Victorian Book Report: The Essential Handbook of Victorian Etiquette
Point in this book’s favor: it’s a reprint compliation of material dating to 1873-1890. Ergo, genuine Victorian-period advice on how to behave.
Point against this book’s favor: it’s American advice, which I was not able to tell when I ordered it.
Still, I find it helpful; Hill, the original writer, describes certain scenarios in ways that jibe with my impressions for the other side of the pond, while fleshing them out such that I can better understand the proper (or improper) behavior. So I feel I can use it, with caution.

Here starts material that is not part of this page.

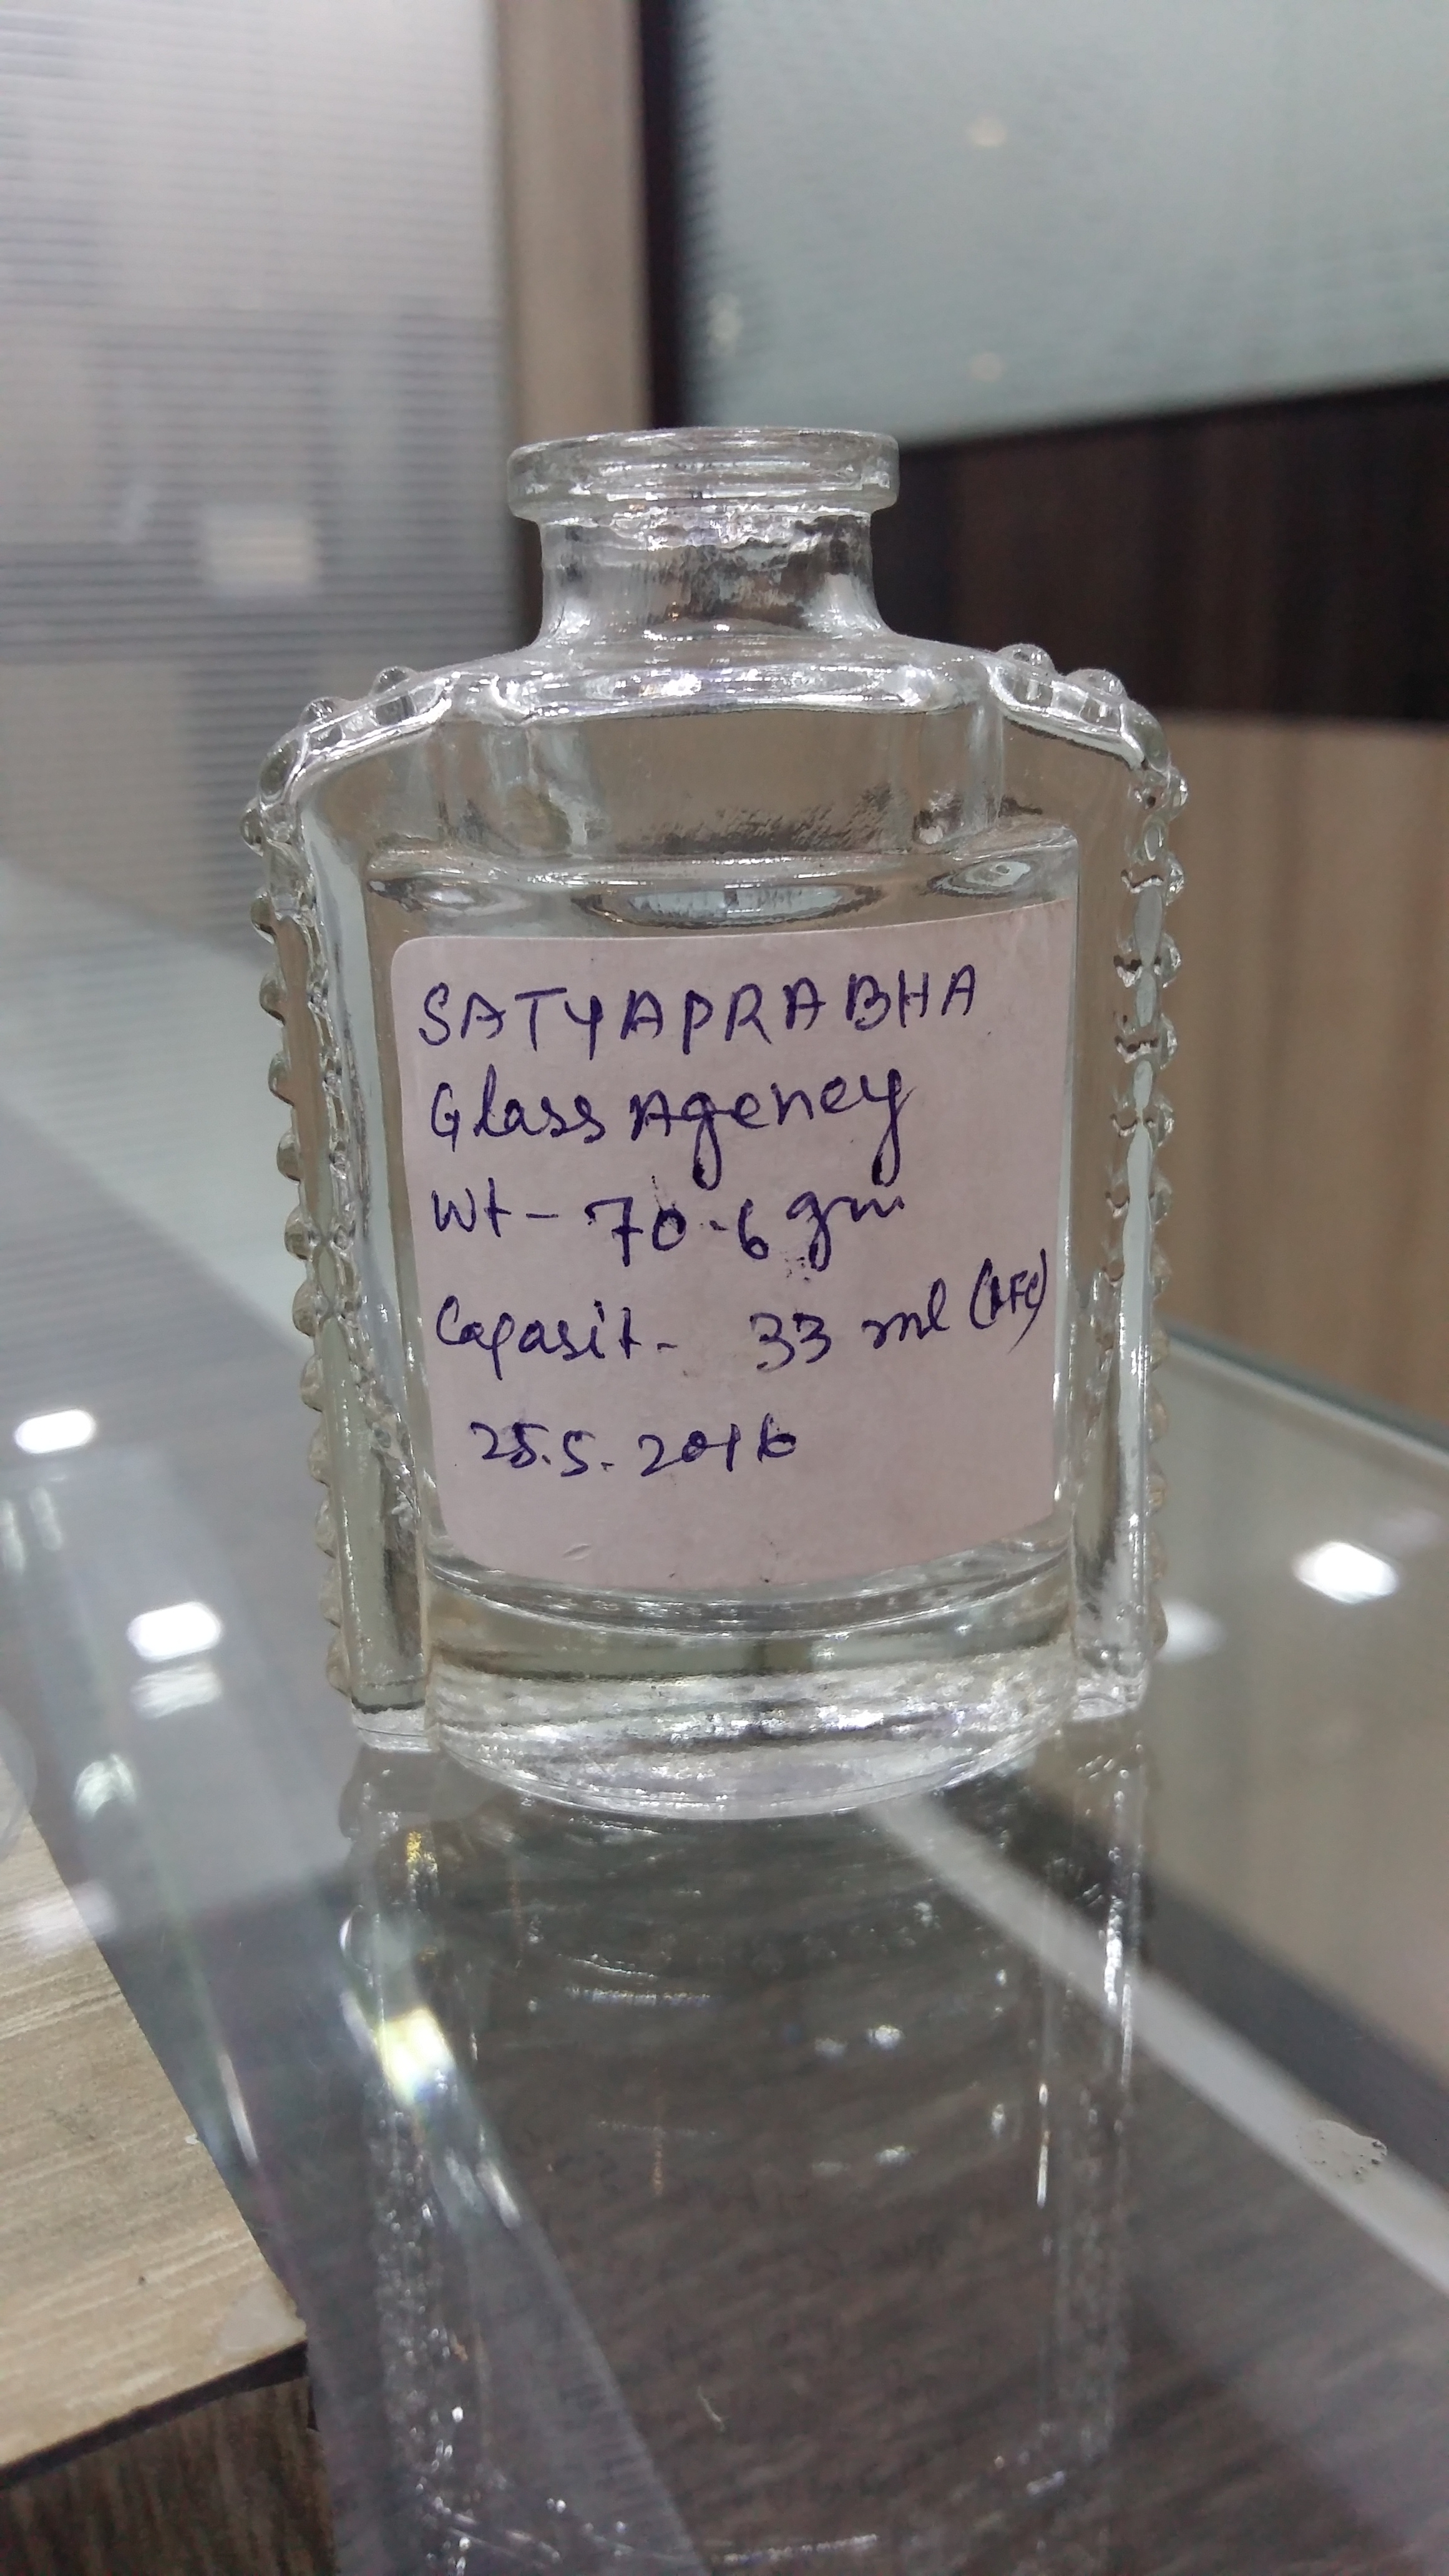 30 ml Perfume Bottle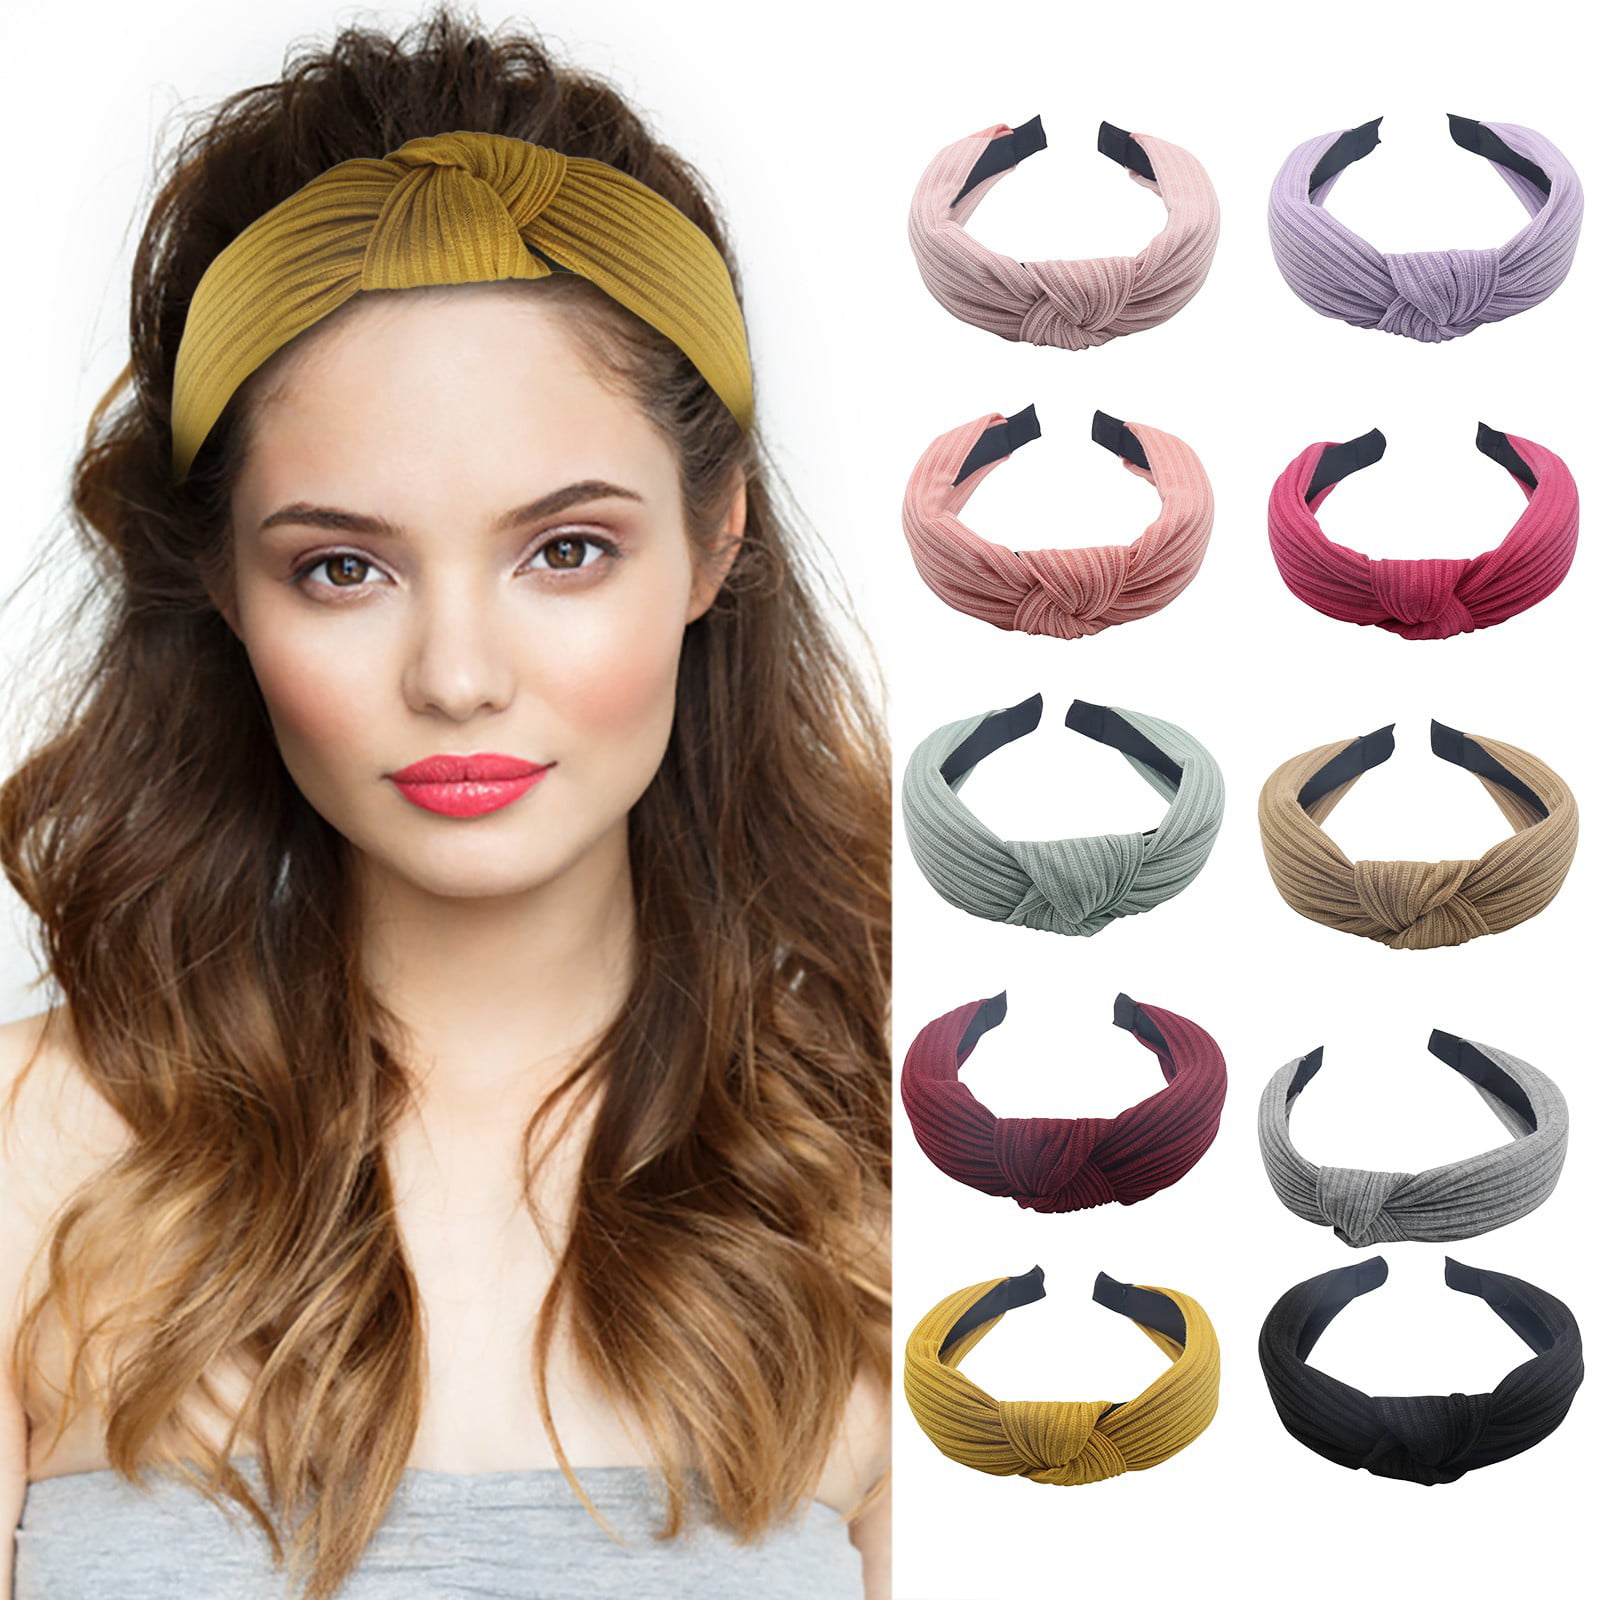 Hair Bands Adjustable Headband Hair Accessories Womens No Slip Headband Gifts for Women Red Skinny Headband Headbands for Girls

Much to my surprise, he even gets a few random proto-feminist brownie points. I was highly entertained that “Professor Hill’s Guide to Love and Marriage” begins with a few paragraphs reassuring the reader that there’s nothing wrong in these modern days with being an “old maid” — indeed, women’s opportunities nowadays are so diverse that there’s really no reason to get married unless you actually find someone suitable that you like. (Professor Hill’s Guide to Love and Marriage: don’t do it!) He also claims that when the financial failure of a marriage is blamed on the wife’s imprudent spending, it’s usually because the husband never told the wife they were in monetary straits; properly informed wives, he (rather optimistically) says, will always keep within the family’s means. I frowned a bit when he advised wives that some nights their husbands may come home from a hard day at the office and carry on in the same autocratic manner they use with their employees, and it’s just best to suck it up — but then he went on to advise husbands that sometimes their wives’ “variable condition of health” may put her in a bad mood, and then it’s just best to overlook it and carry on. The sauce which is good for the goose is, indeed, also good for the gander, and that pleases me.
(In fact, the only place I caught him being noticeably one-sided, he did so in favor of women: husbands should, he recommends, keep their wives well-informed as to their business affairs, and take their prudent advice — but stay the hell out of affairs of household management.)
It’s a small book, half taken up with illustrations, but some of those go with the text: a dinner scene, for example, illustrating a bunch of examples of What Not To Do, with helpful annotations. Not a hugely informative resource, but entertaining and quick to read.